◆ **How to complete this task**
Pictures aside, return every line below exactly as written.

◆ **Data below**
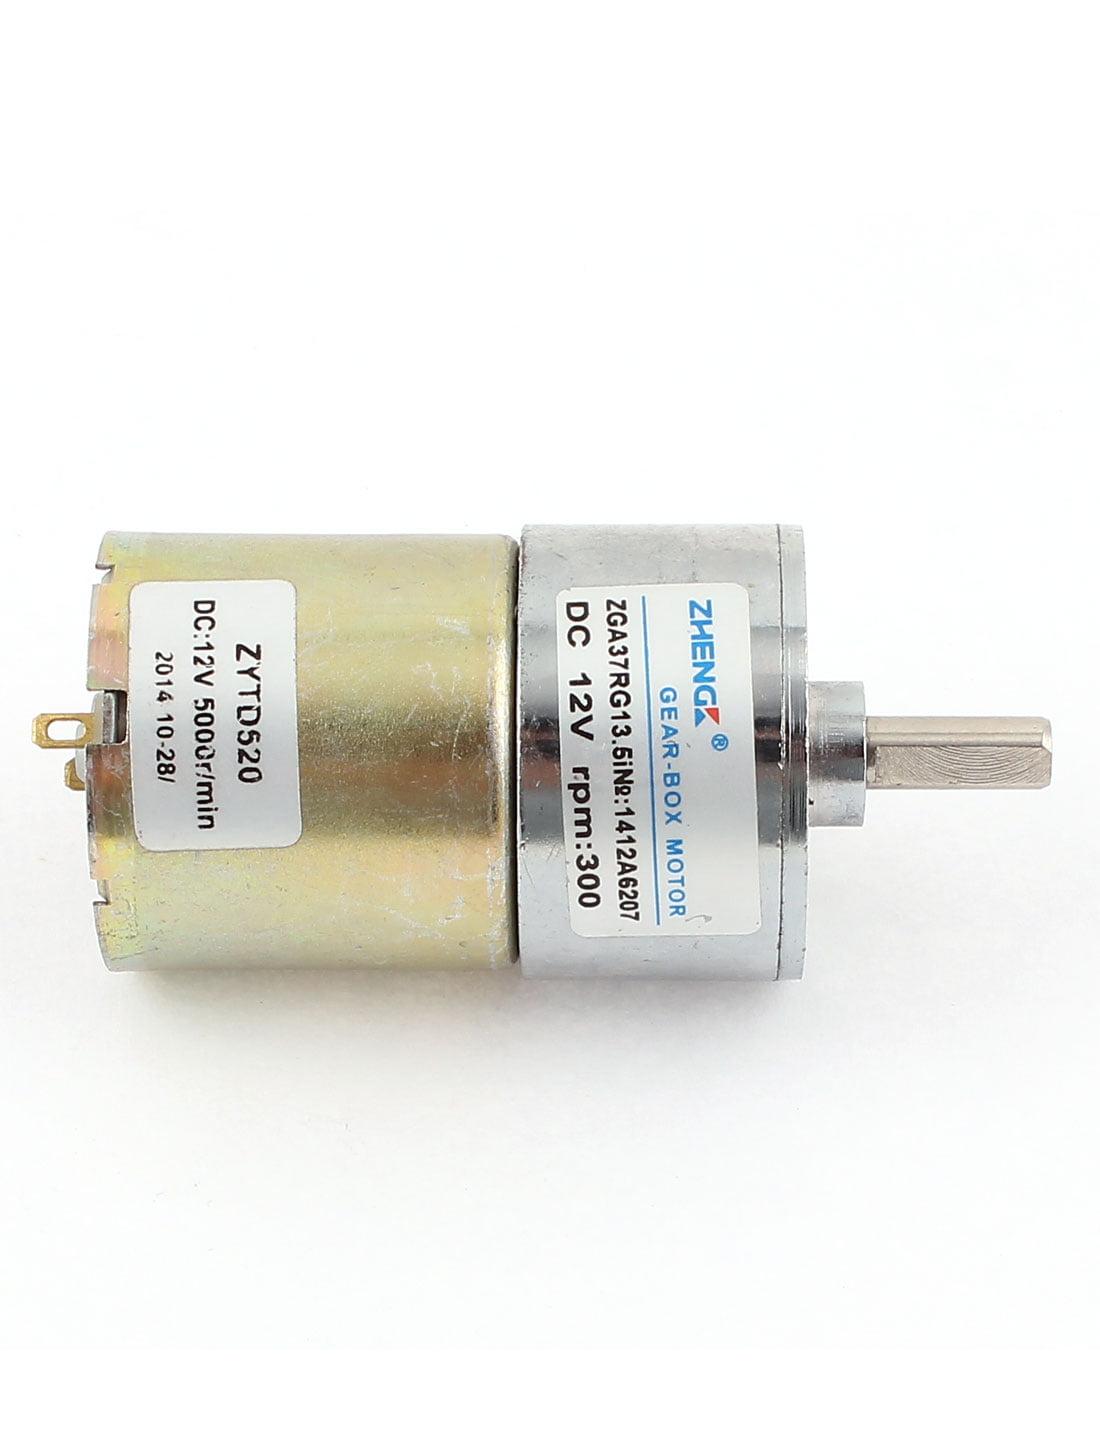 300 rpm 6 mm Shaft High Torque Gear-Box Electric Motor DC 12V
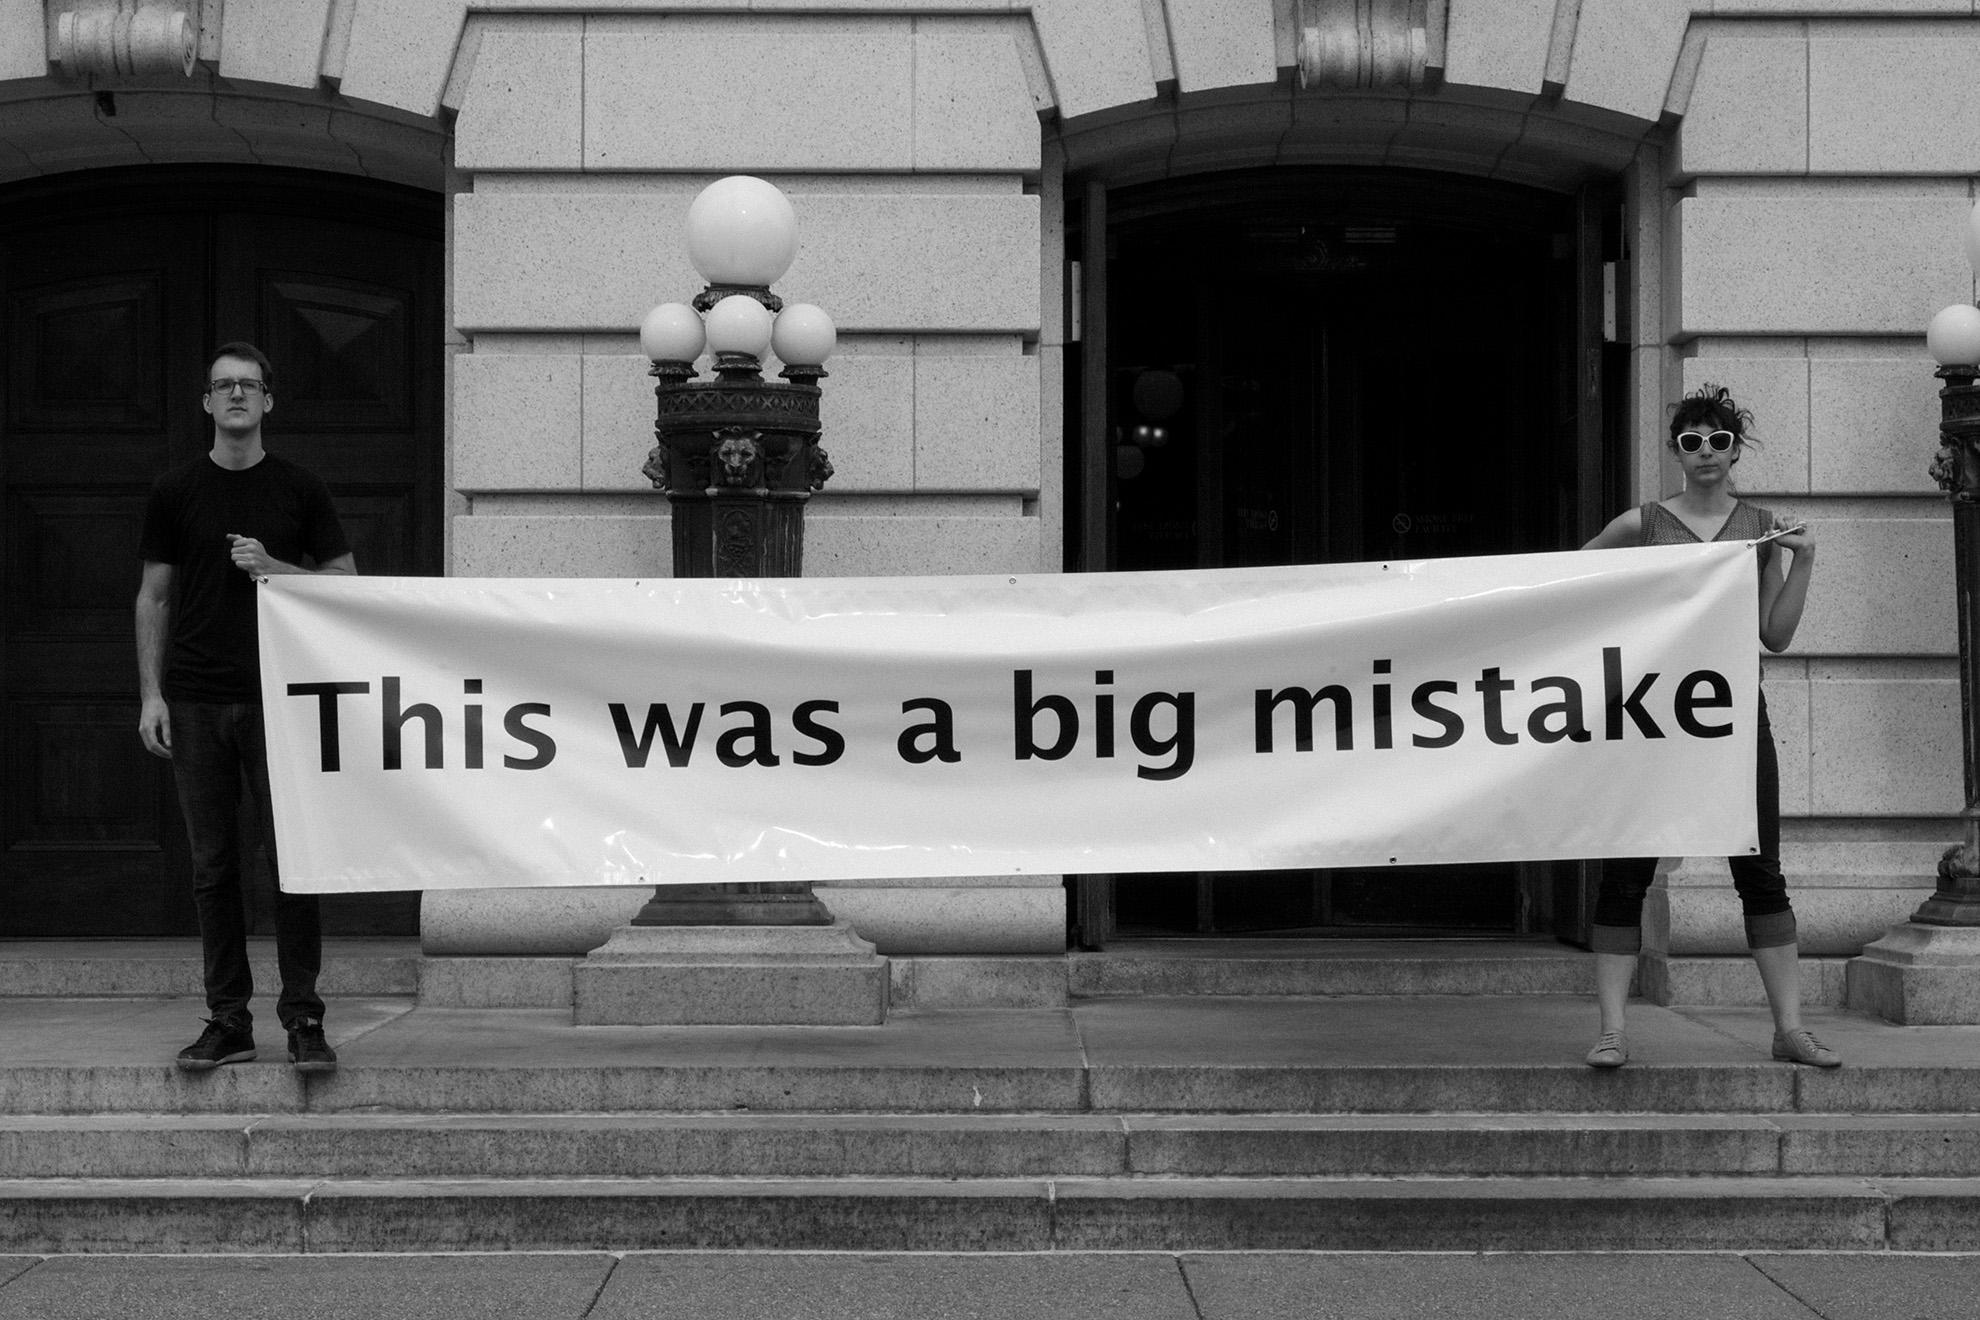 bigmistakeprotest-15.jpg
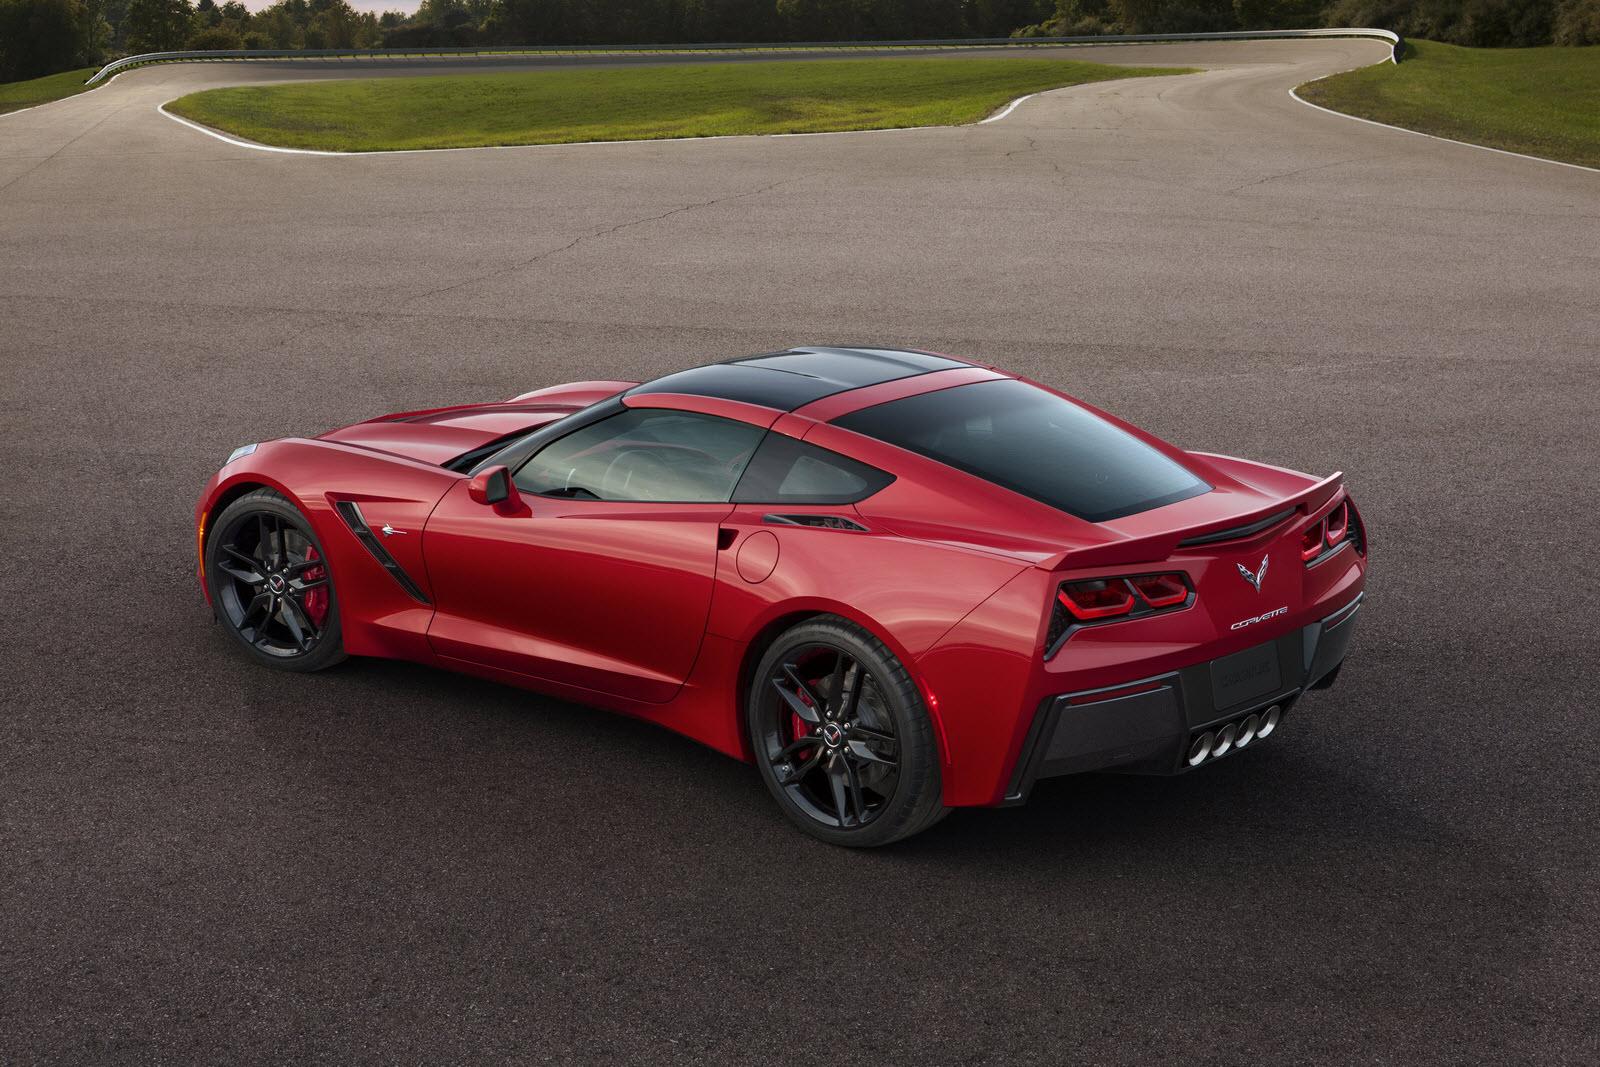 http://3.bp.blogspot.com/-SCPej8p0o3s/UPPNkCRcBBI/AAAAAAABToQ/19OTLZigPhg/s1600/2014_C-Corvette-Stingray_04.jpg
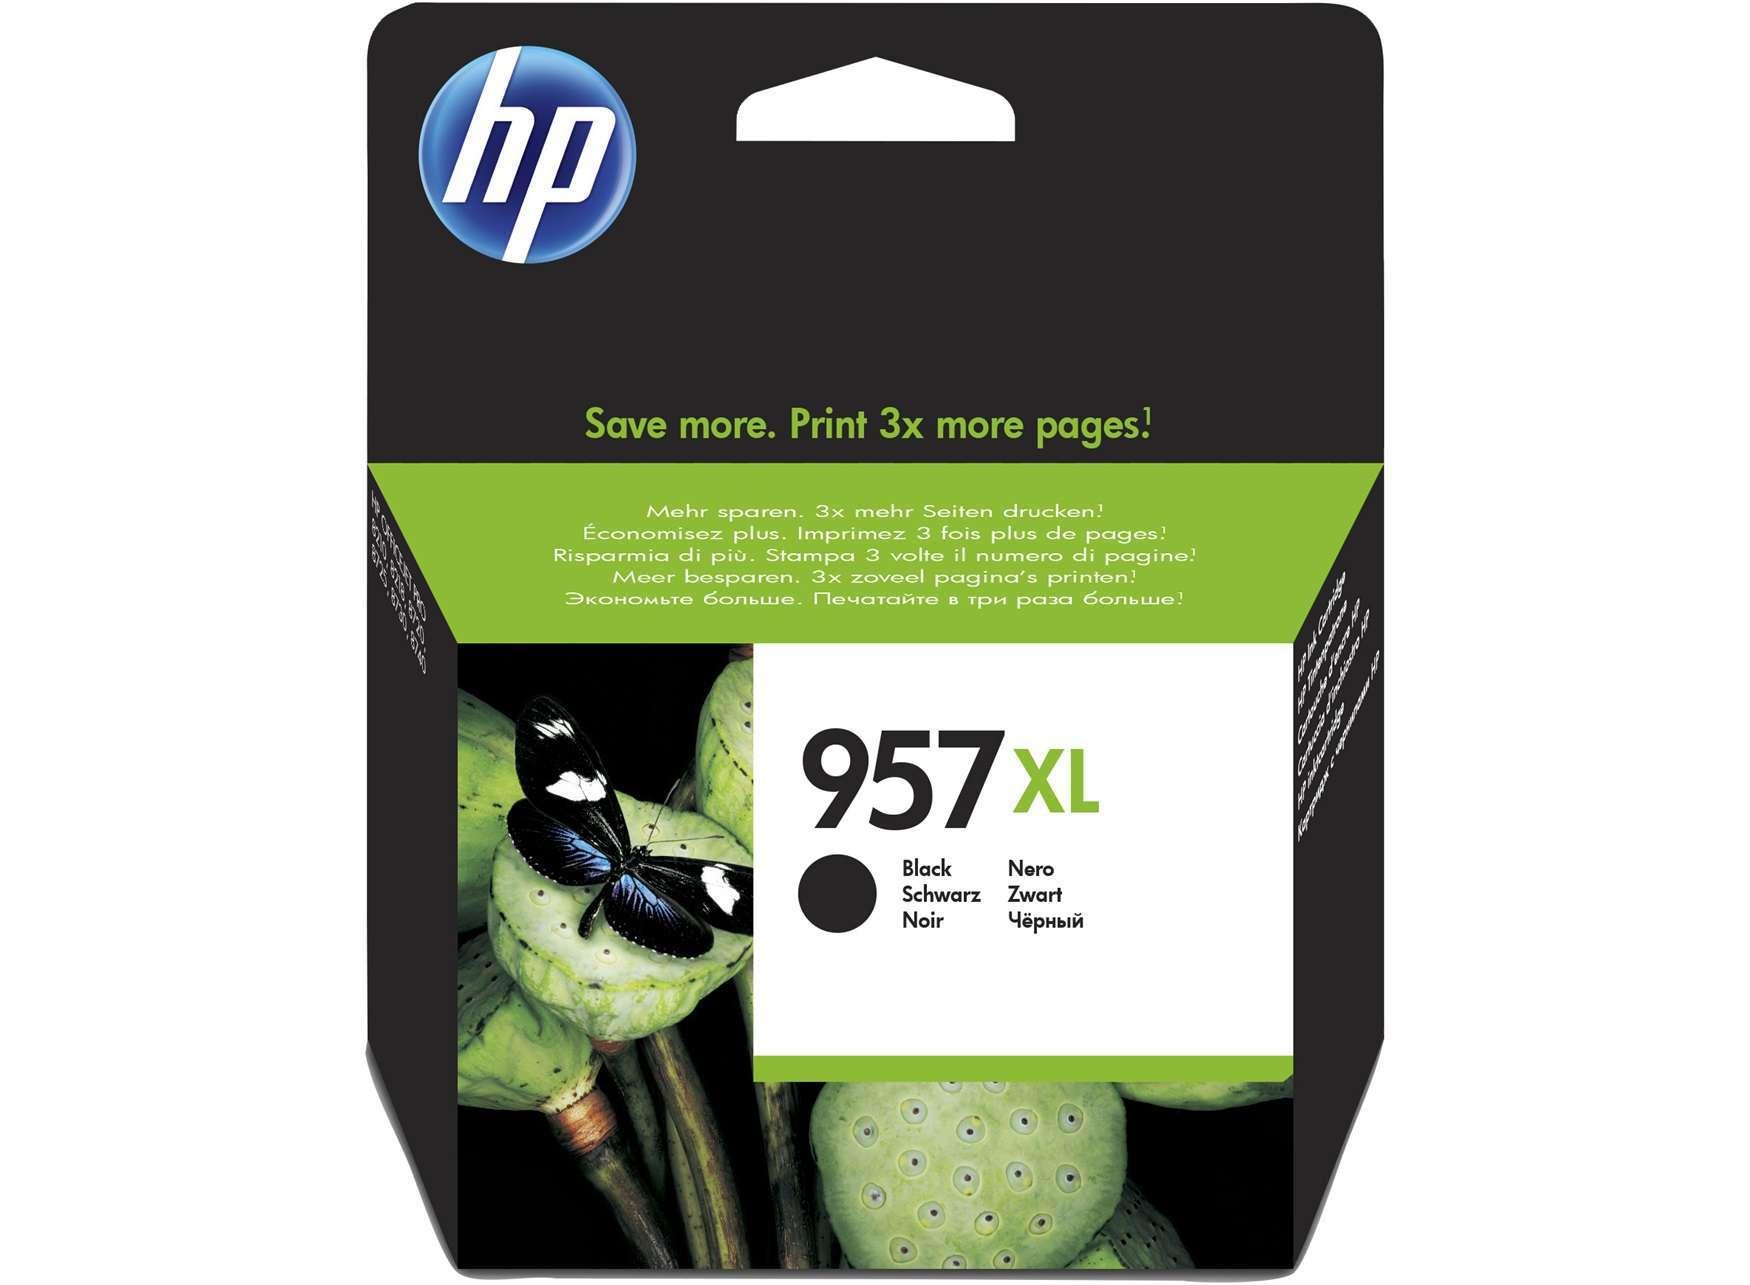 HP Original 957XL Black High Capacity Inkjet Cartridge (L0R40AE)

◆ **Finished task**
 300 rpm 6 mm Shaft High Torque Gear-Box Electric Motor DC 12V
 bigmistakeprotest-15.jpg
 http://3.bp.blogspot.com/-SCPej8p0o3s/UPPNkCRcBBI/AAAAAAABToQ/19OTLZigPhg/s1600/2014_C-Corvette-Stingray_04.jpg
 HP Original 957XL Black High Capacity Inkjet Cartridge (L0R40AE)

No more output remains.